*What is expected*: Where an image appears in the data, omit it and reproduce the rest exactly.

*Provided material*:

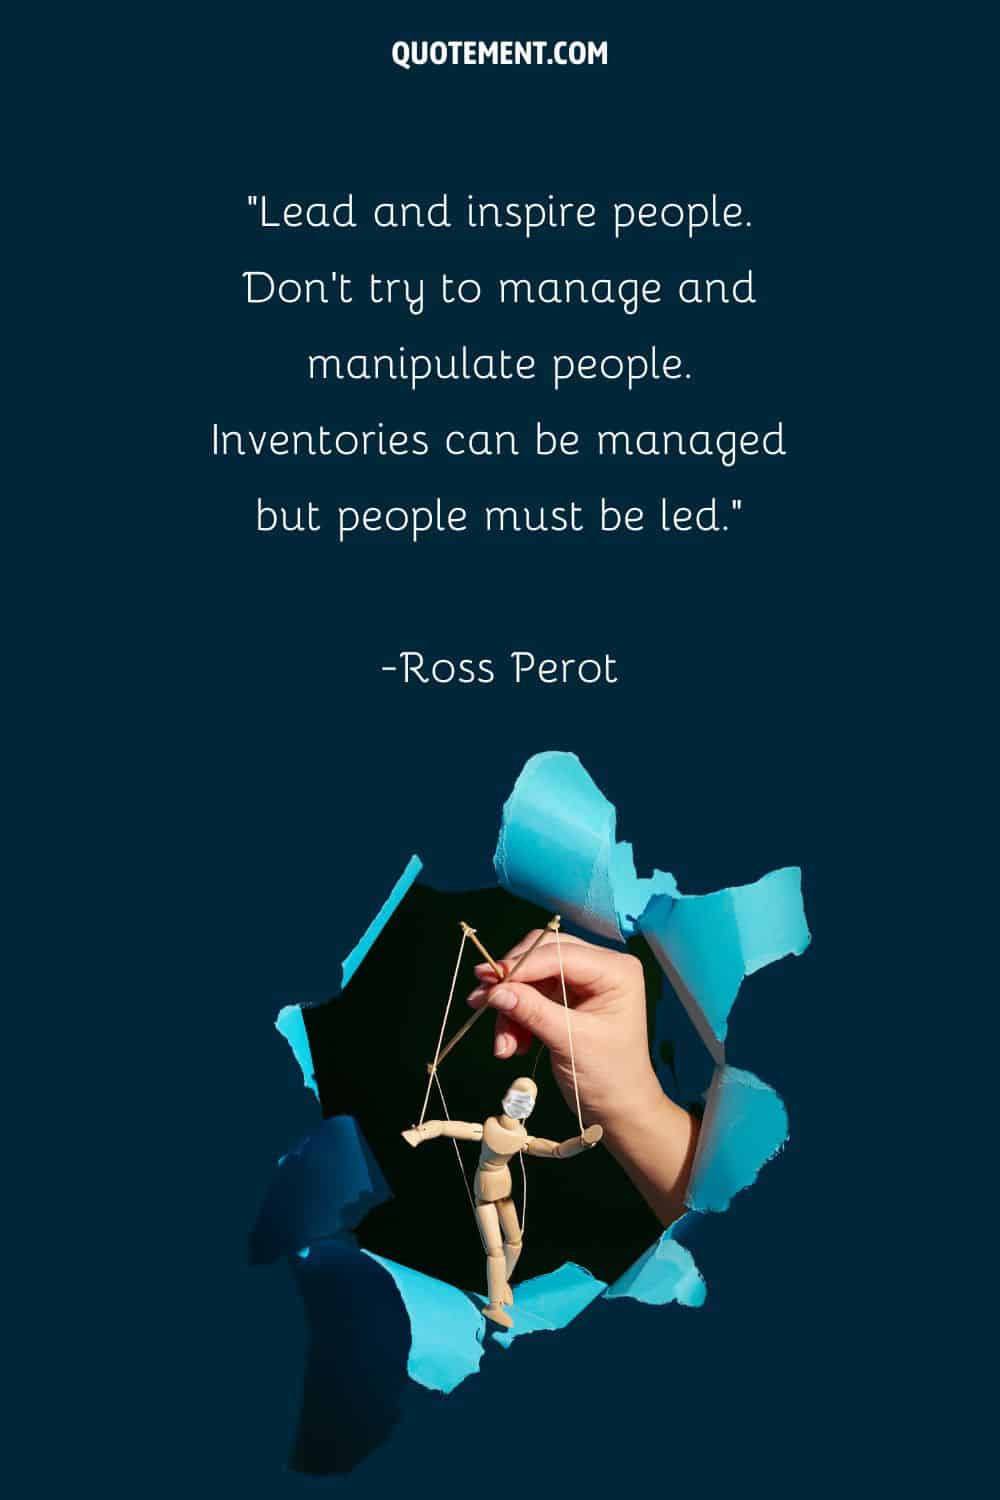 image of a marionette representing quote on leading and manipulation
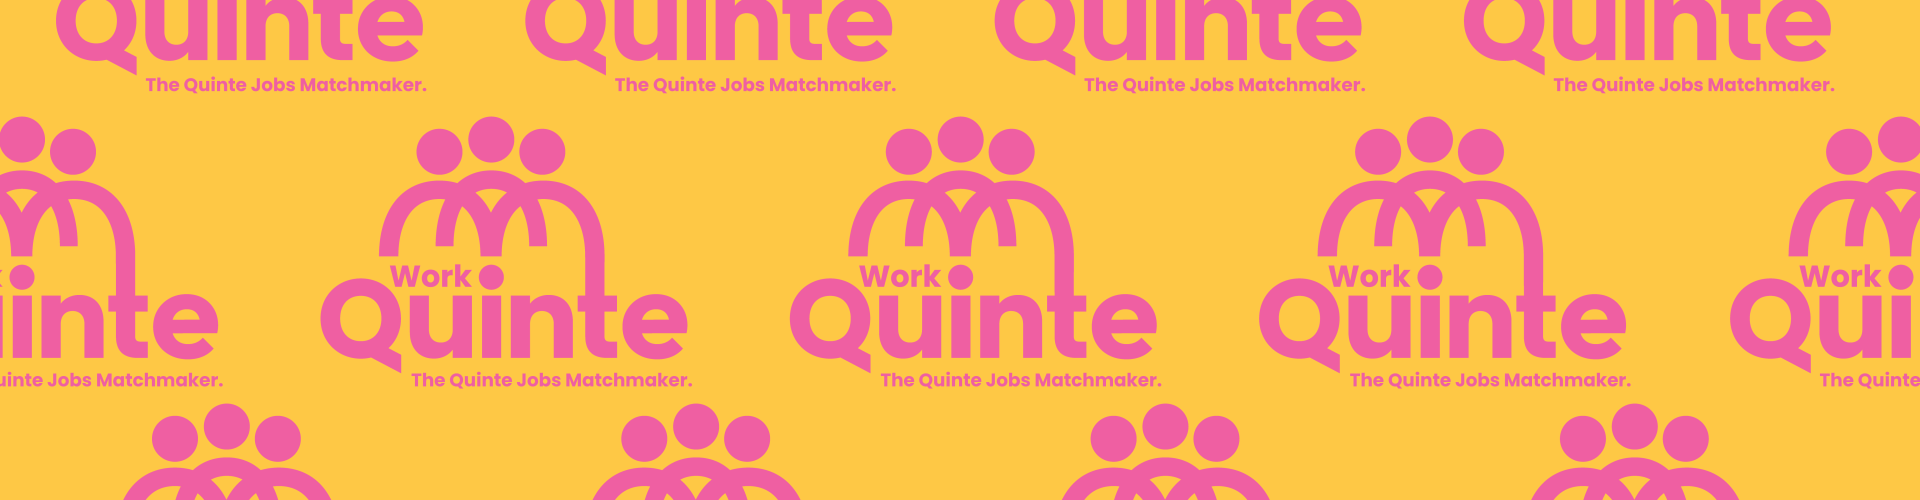 Orange background with pink Work in Quinte logo and The Quinte Jobs Matchmaker tagline.
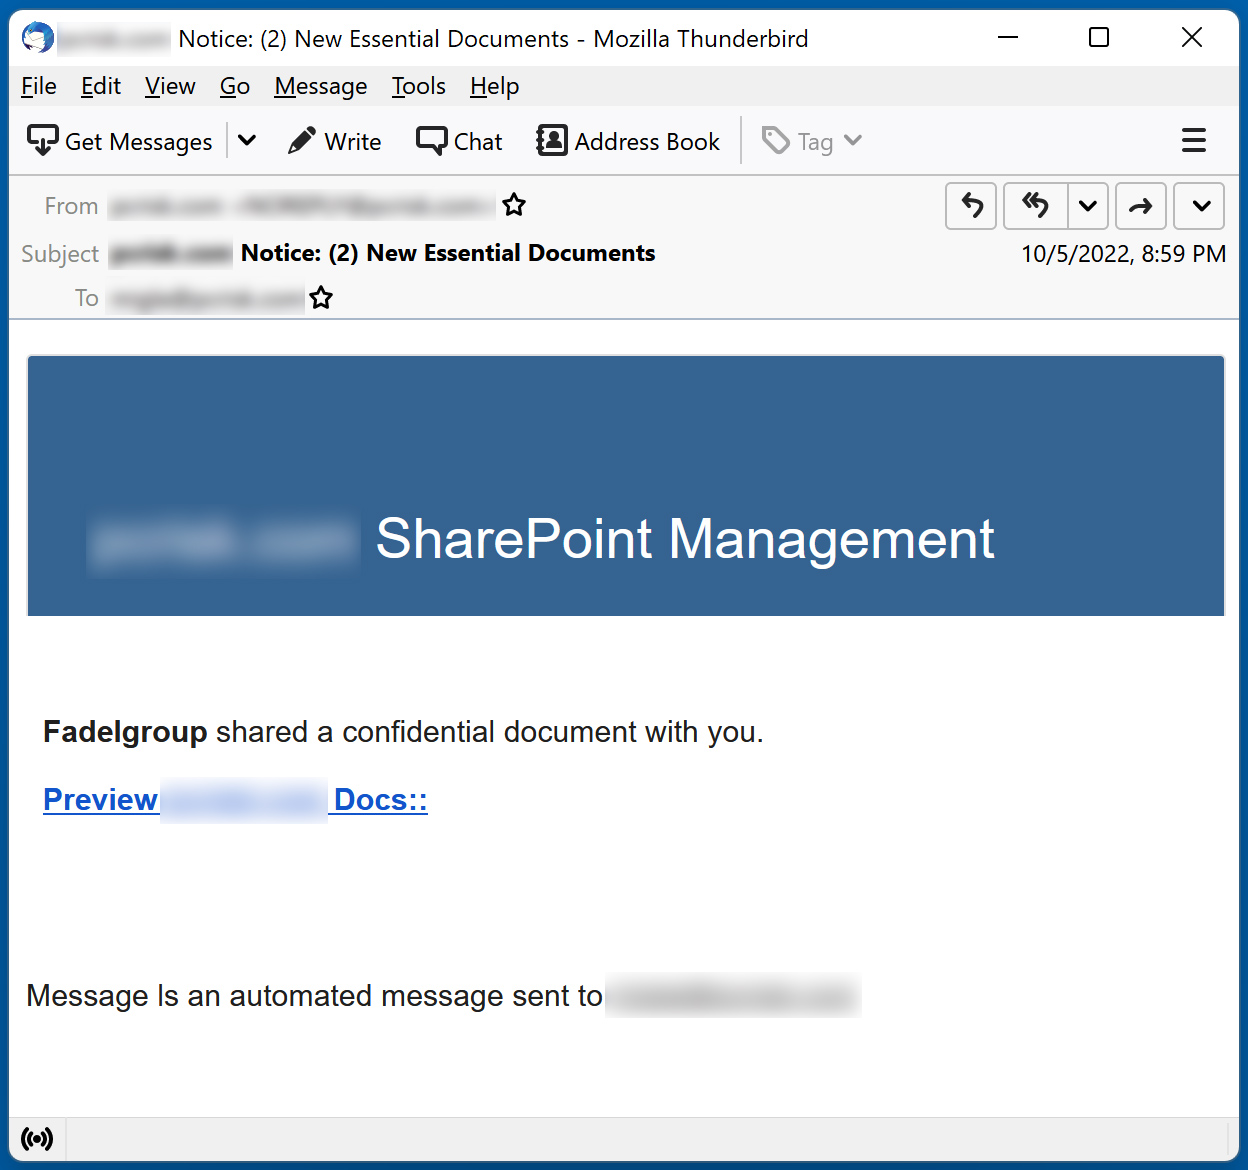 SharePoint-themed spam email (2022-10-06)
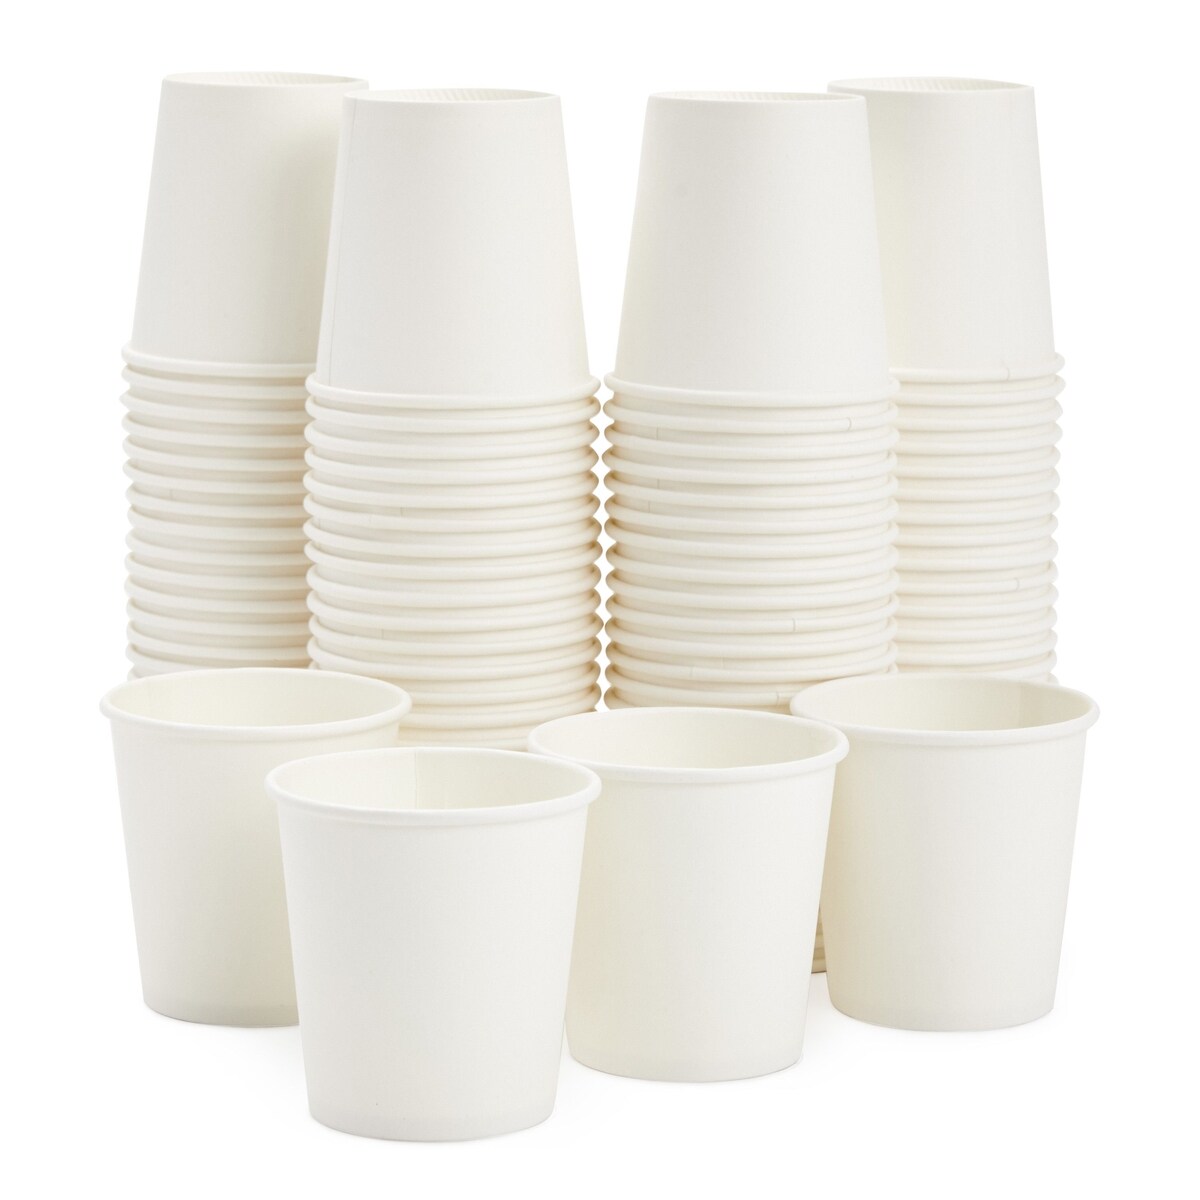 100 Pack 8oz Disposable Paper Cups, Espresso Cups, Eco Friendly Disposble Small Mouthwash Cups ,Hot/Cold Beverage Drinking Cup for Party,Travel and

*Solution below*:
 image of a marionette representing quote on leading and manipulation
 Orange background with pink Work in Quinte logo and The Quinte Jobs Matchmaker tagline.
 SharePoint-themed spam email (2022-10-06)
 100 Pack 8oz Disposable Paper Cups, Espresso Cups, Eco Friendly Disposble Small Mouthwash Cups ,Hot/Cold Beverage Drinking Cup for Party,Travel and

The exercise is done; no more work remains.